→ DATA TO USE

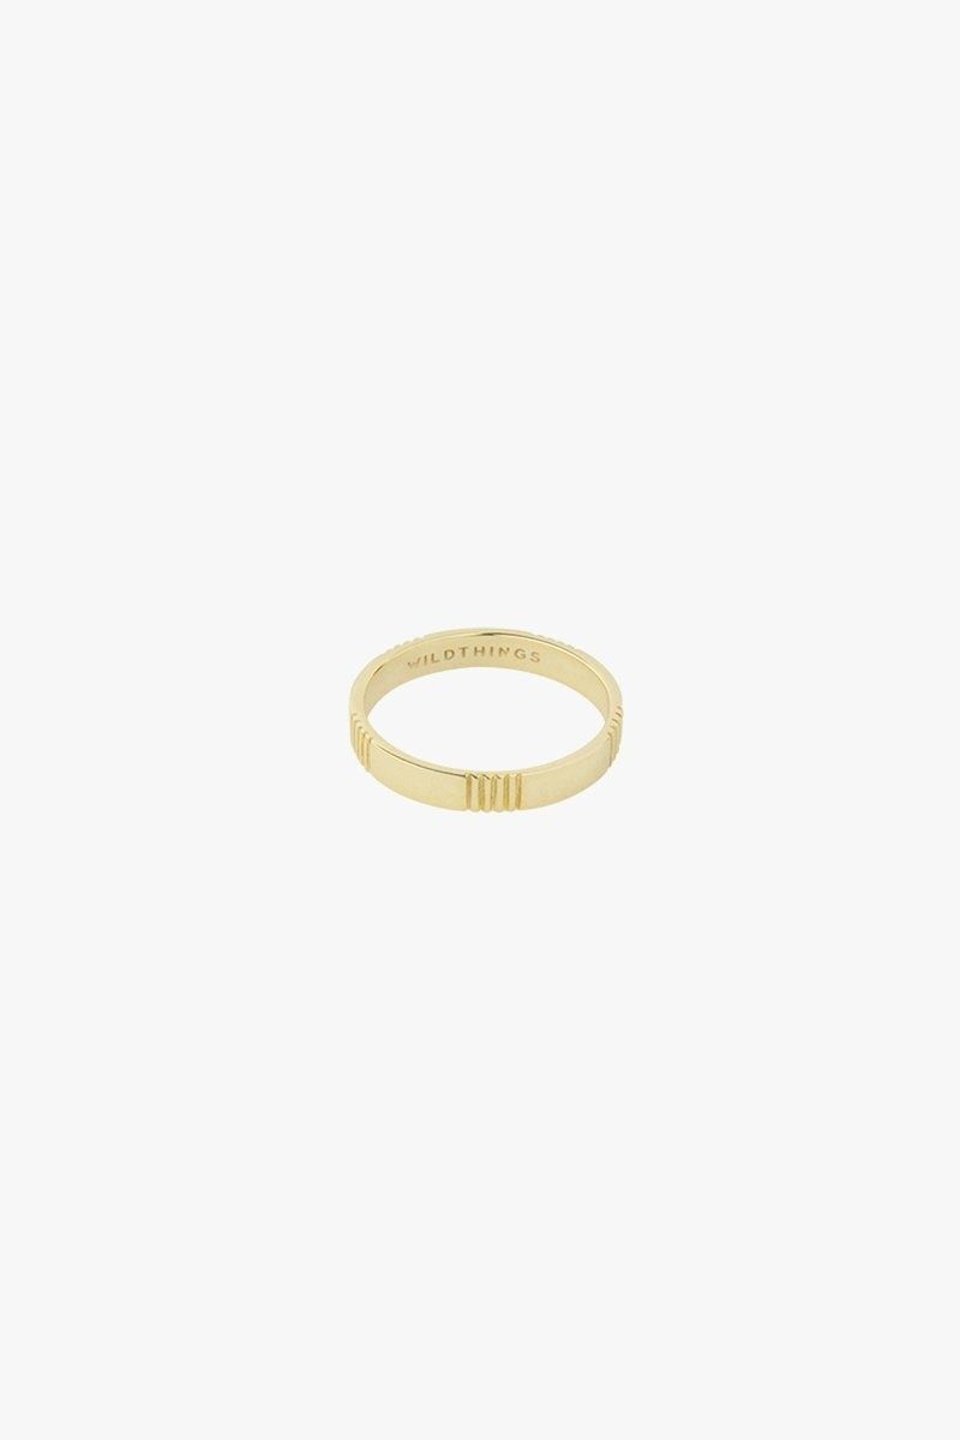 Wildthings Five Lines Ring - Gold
...
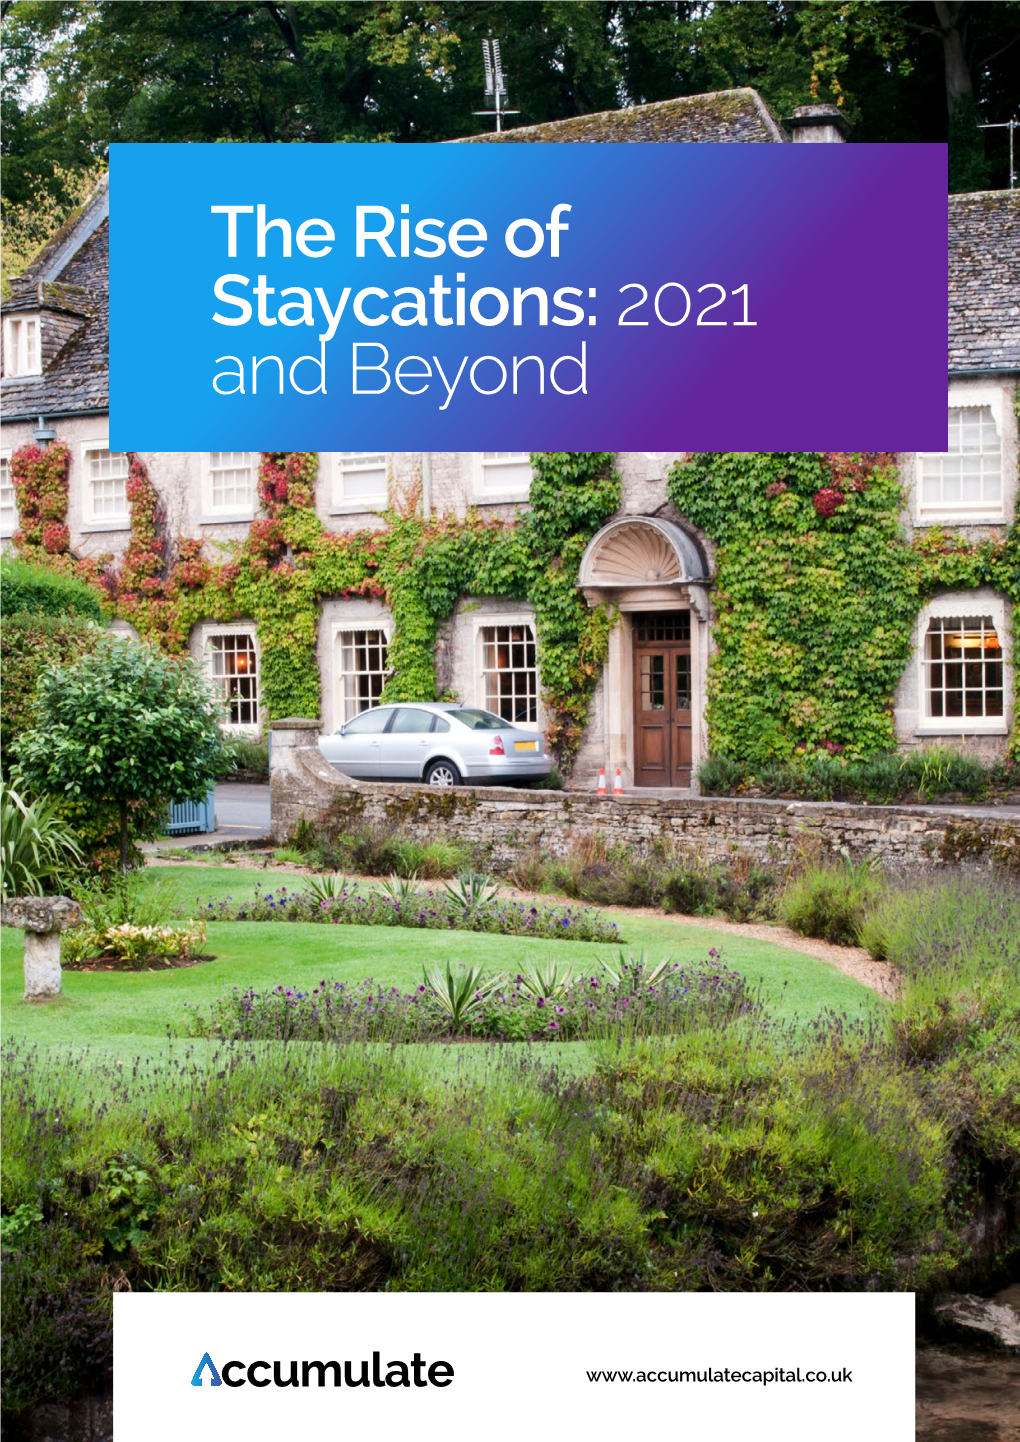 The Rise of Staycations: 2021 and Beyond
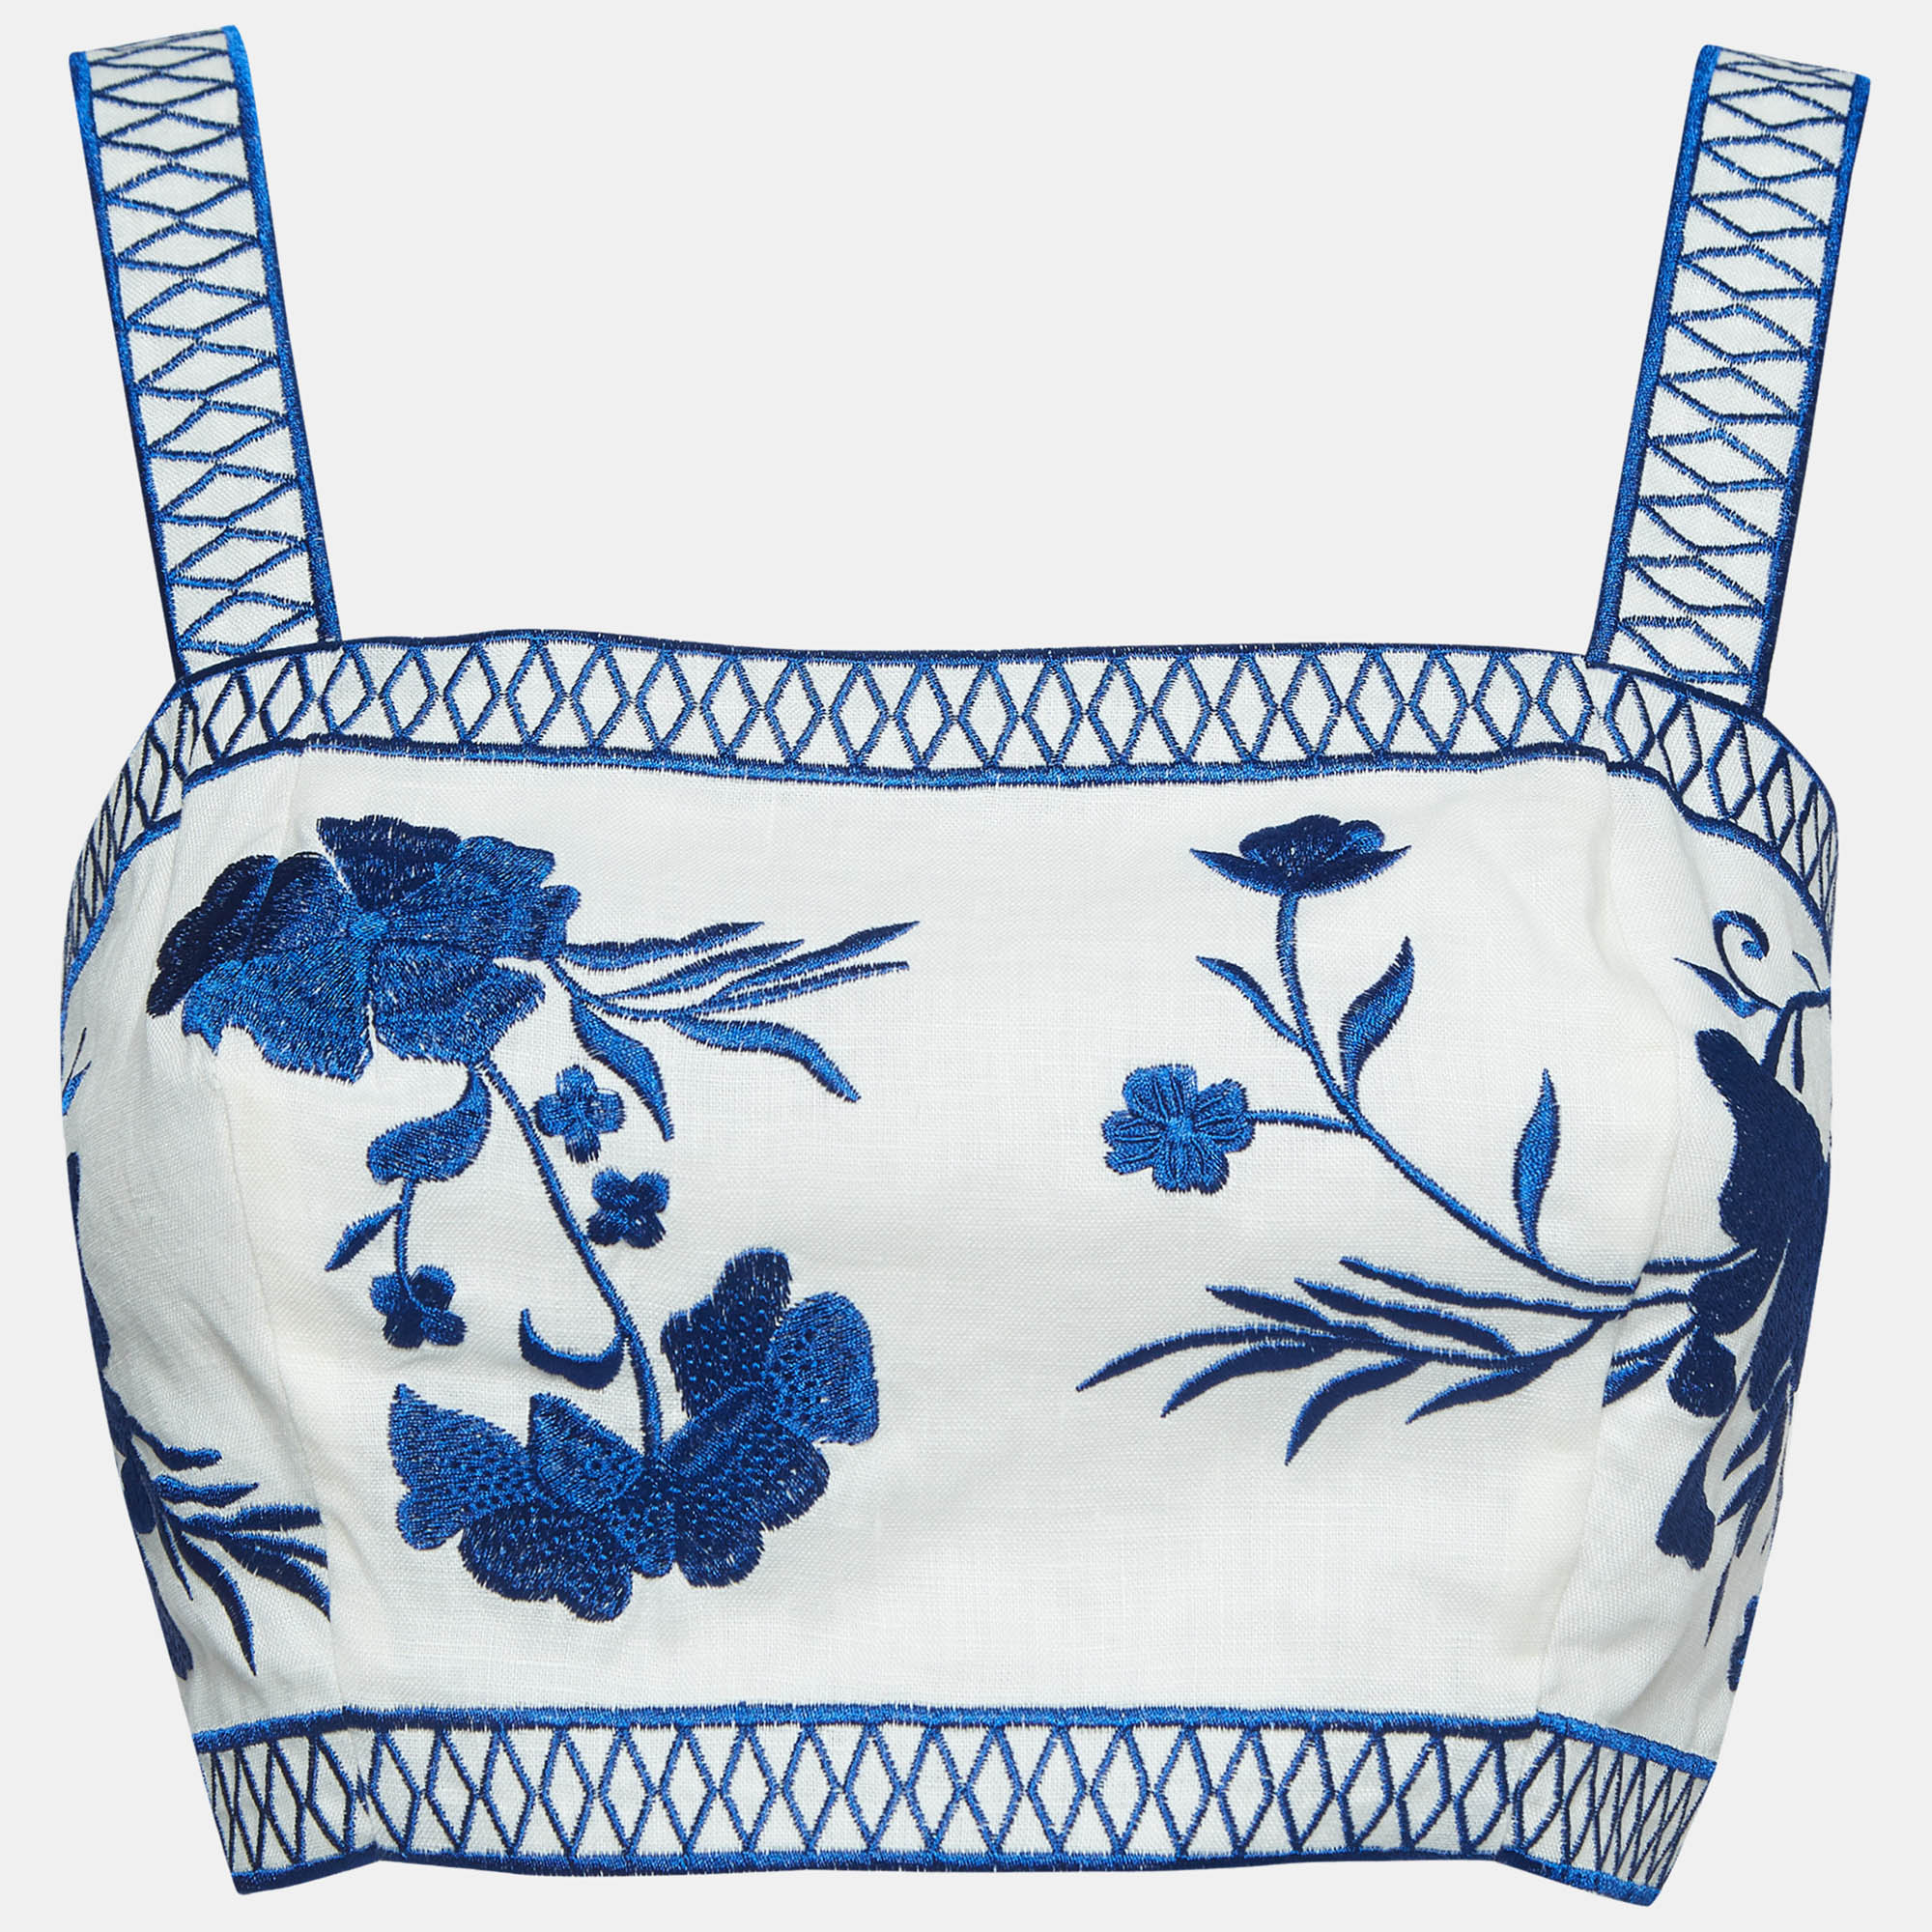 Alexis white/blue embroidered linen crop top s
==
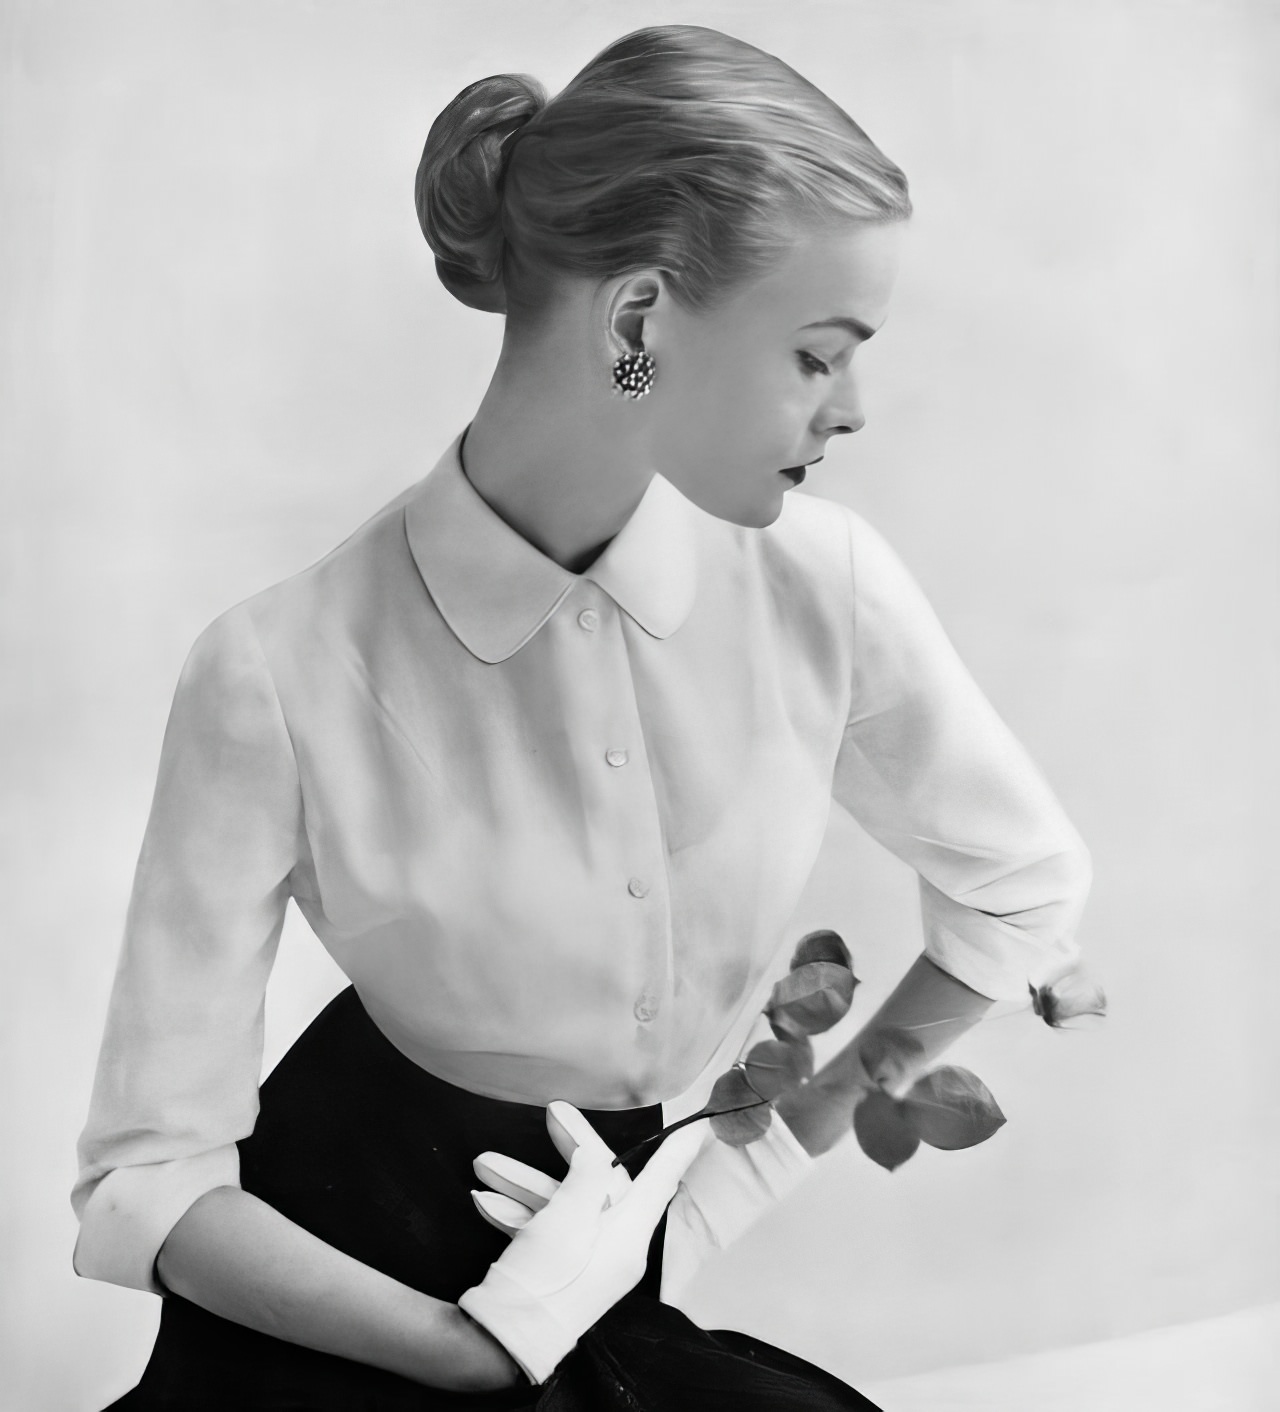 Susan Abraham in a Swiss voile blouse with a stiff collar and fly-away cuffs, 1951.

→ TASK GOAL
Above are some records. Reproduce the lines from the one with "The Rise of Staycations: 2021 and Beyond" down to the one with "Alexis white/blue embroidered", keeping both, and leave every picture out.

→ RESPONSE BELOW
 The Rise of Staycations: 2021 and Beyond
 Alexis white/blue embroidered linen crop top s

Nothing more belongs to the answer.